Repeat the listing exactly. The images do not belong in the copy.
(Collected material begins)
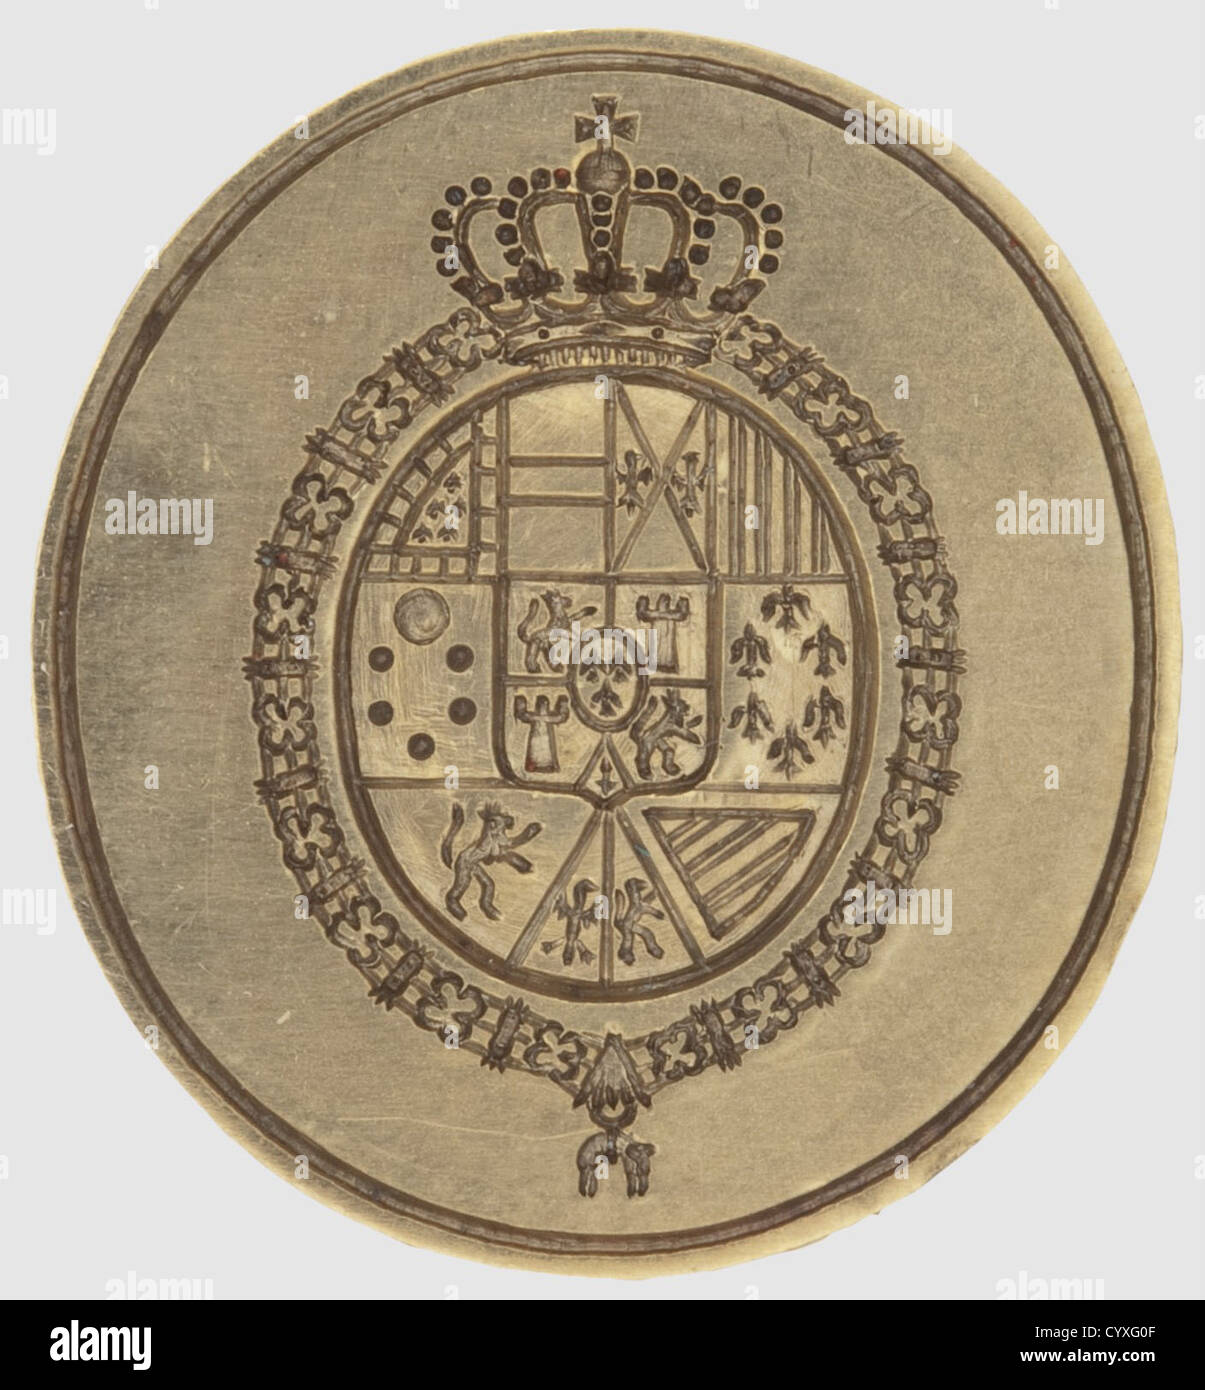 Le roi Alfons XIII(1886-1941),un sceau personnel mère-de-perle, or et laiton.la surface du sceau gravée avec la couche royale des bras mis dans la chaîne de l'ordre du molleton d'or.épaule d'or décorée floralement.mère sculptée de poignée de perle sous forme de mains entrelacées.hauteur 9.9 cm.avec deux lettres signées à la main par le roi et Adressée au Prince Alfons de Bavière datant de 1929 et 1931 resp.(un mois après qu'il est allé en exil), une enveloppe portant une impression du présent sceau.aussi un certain nombre de lettres, cartes de voeux et photos de la ,droits additionnels-Clearences-non disponible Banque D'Images
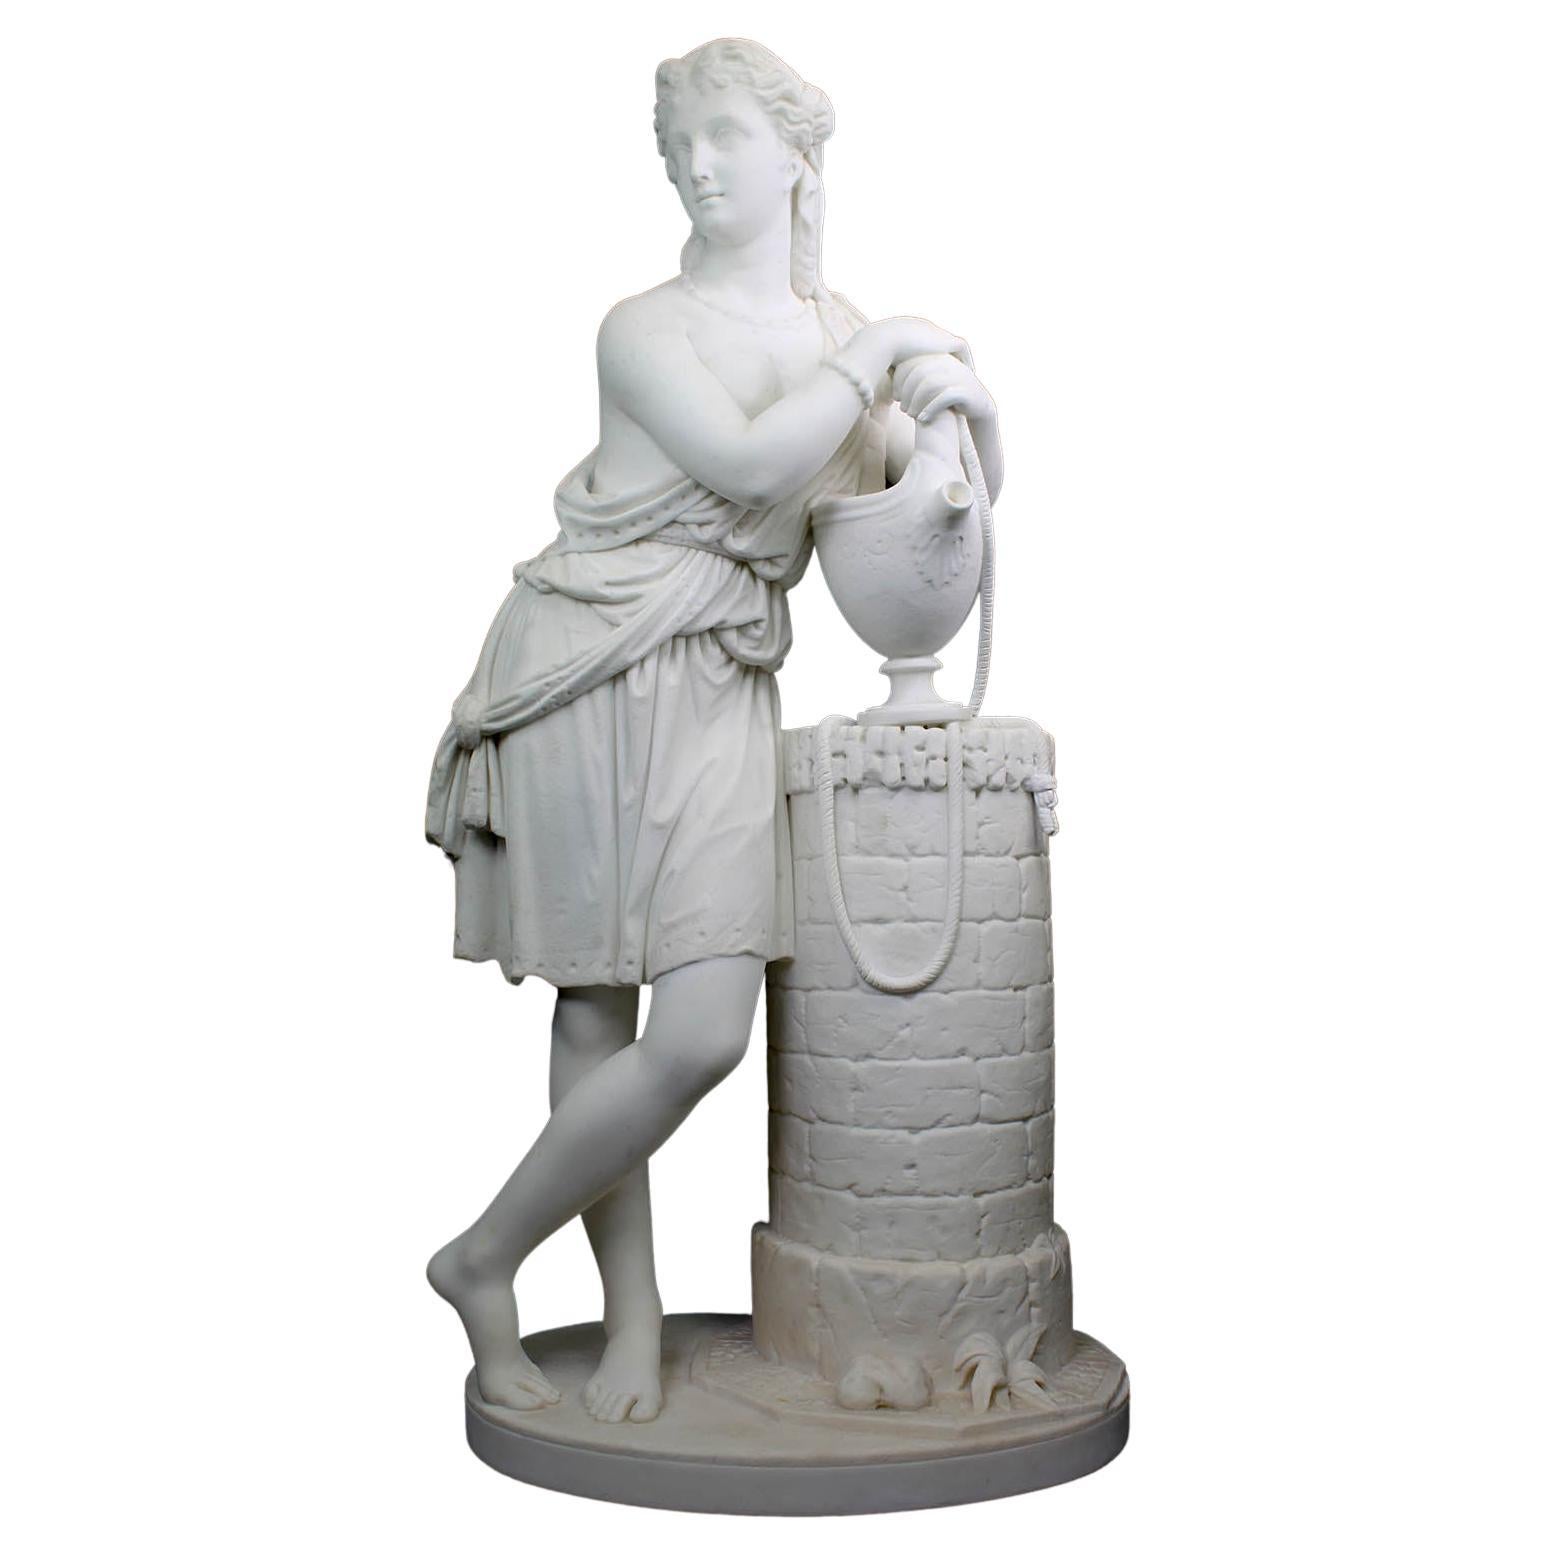 Feine Skulptur von Rebecca aus weißem Marmor aus dem 19. Jahrhundert im Brunnen
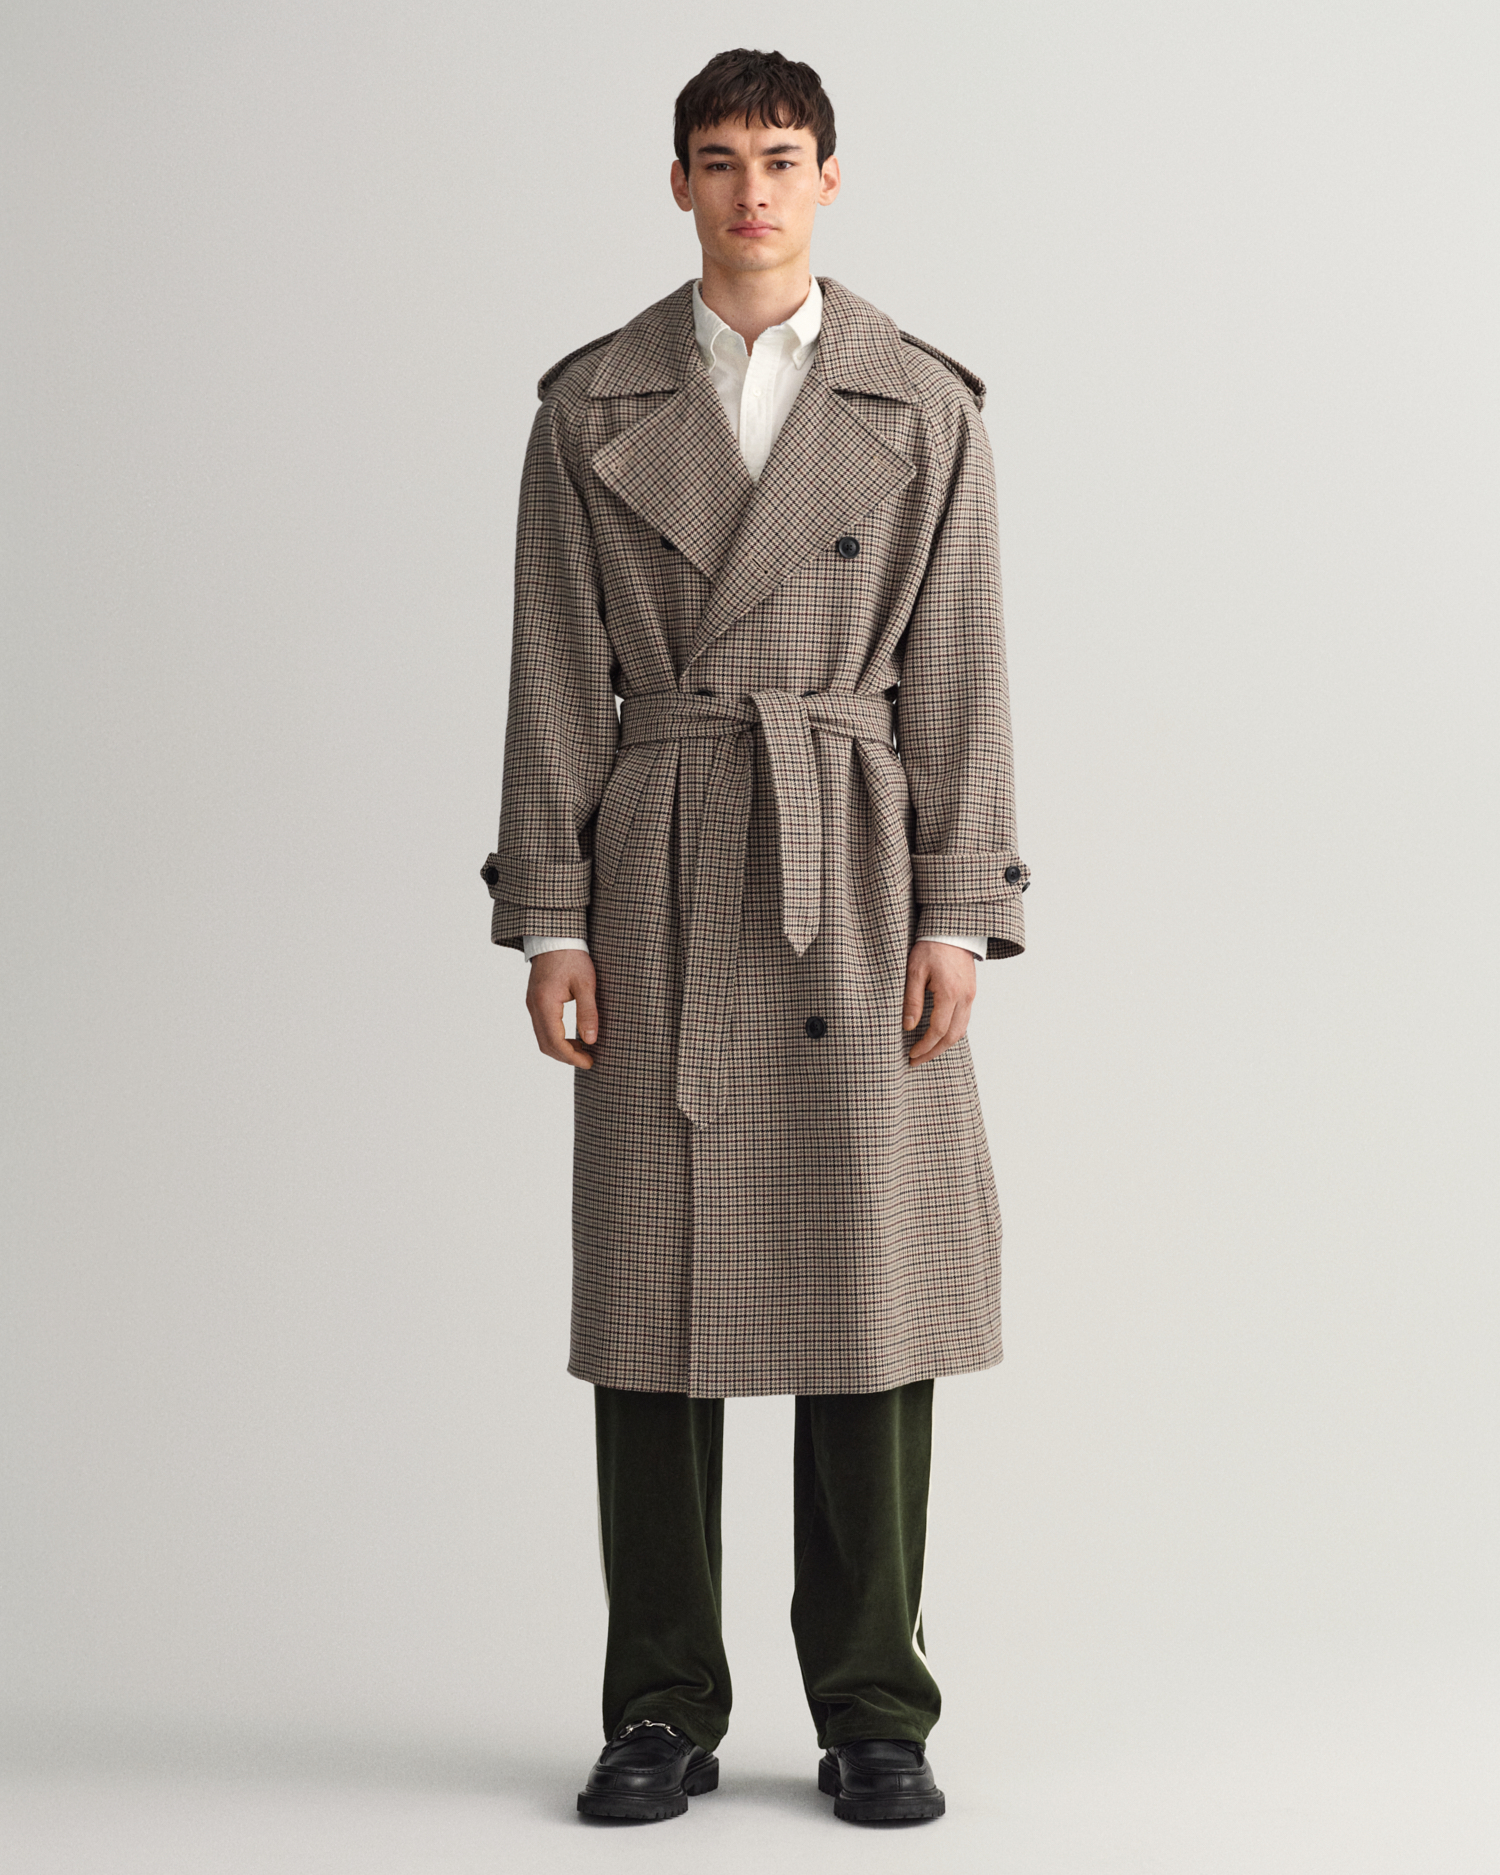 Manteau Homme Laine Hiver Chaud Trench-Coat Caban élégant Blouson Parka Veste Slim Fit Casual Coat 
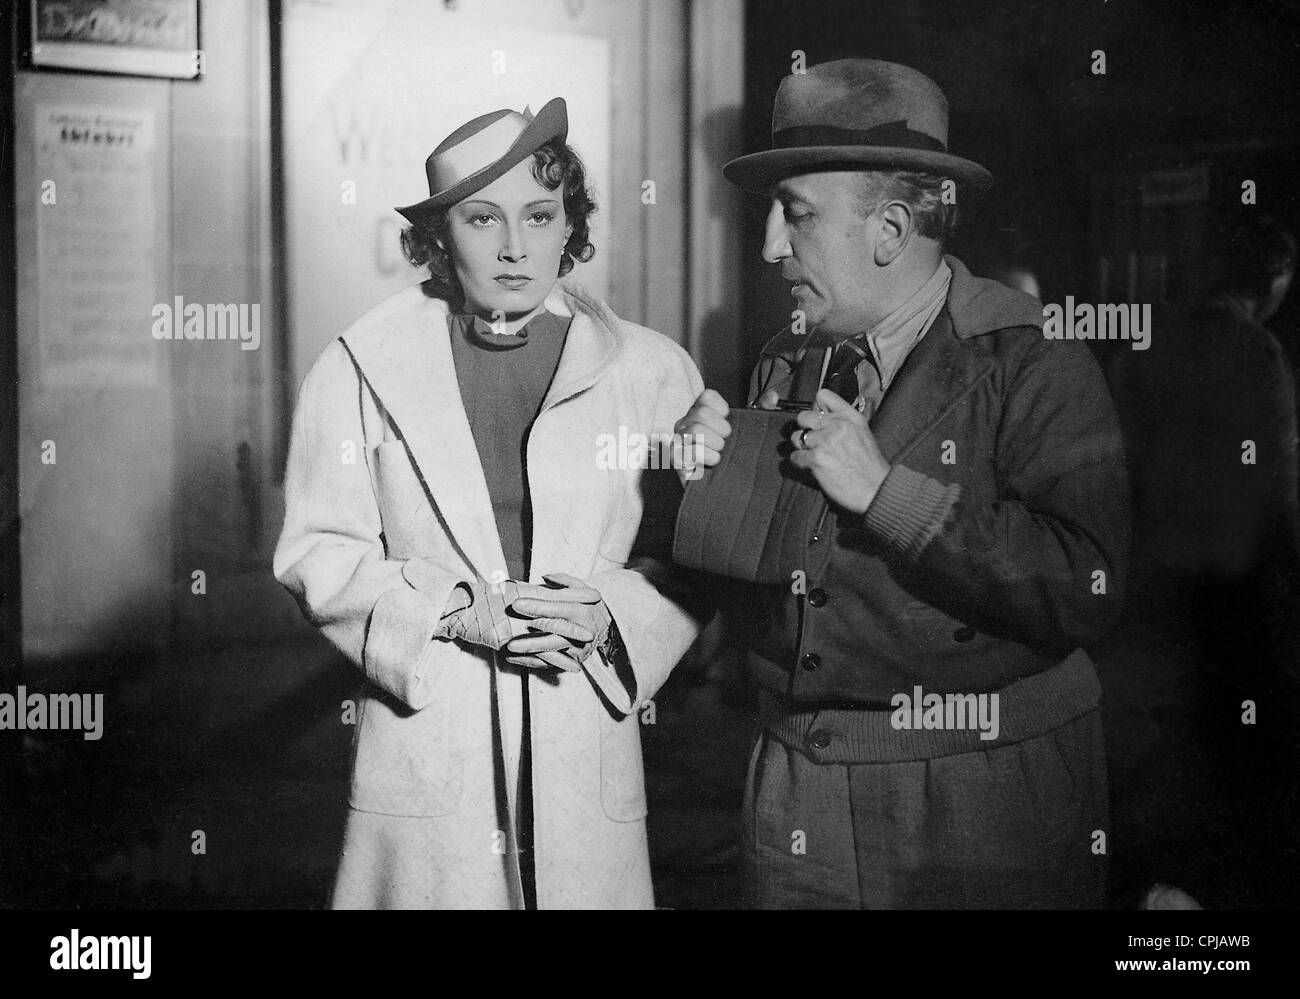 Lida Baarova et Karl Ritter au tournage de "le traître", 1936 Banque D'Images
(Collected material ends)
◆ Answer space
 Le roi Alfons XIII(1886-1941),un sceau personnel mère-de-perle, or et laiton.la surface du sceau gravée avec la couche royale des bras mis dans la chaîne de l'ordre du molleton d'or.épaule d'or décorée floralement.mère sculptée de poignée de perle sous forme de mains entrelacées.hauteur 9.9 cm.avec deux lettres signées à la main par le roi et Adressée au Prince Alfons de Bavière datant de 1929 et 1931 resp.(un mois après qu'il est allé en exil), une enveloppe portant une impression du présent sceau.aussi un certain nombre de lettres, cartes de voeux et photos de la ,droits additionnels-Clearences-non disponible Banque D'Images
 Feine Skulptur von Rebecca aus weißem Marmor aus dem 19. Jahrhundert im Brunnen
 Manteau Homme Laine Hiver Chaud Trench-Coat Caban élégant Blouson Parka Veste Slim Fit Casual Coat 
 Lida Baarova et Karl Ritter au tournage de "le traître", 1936 Banque D'Images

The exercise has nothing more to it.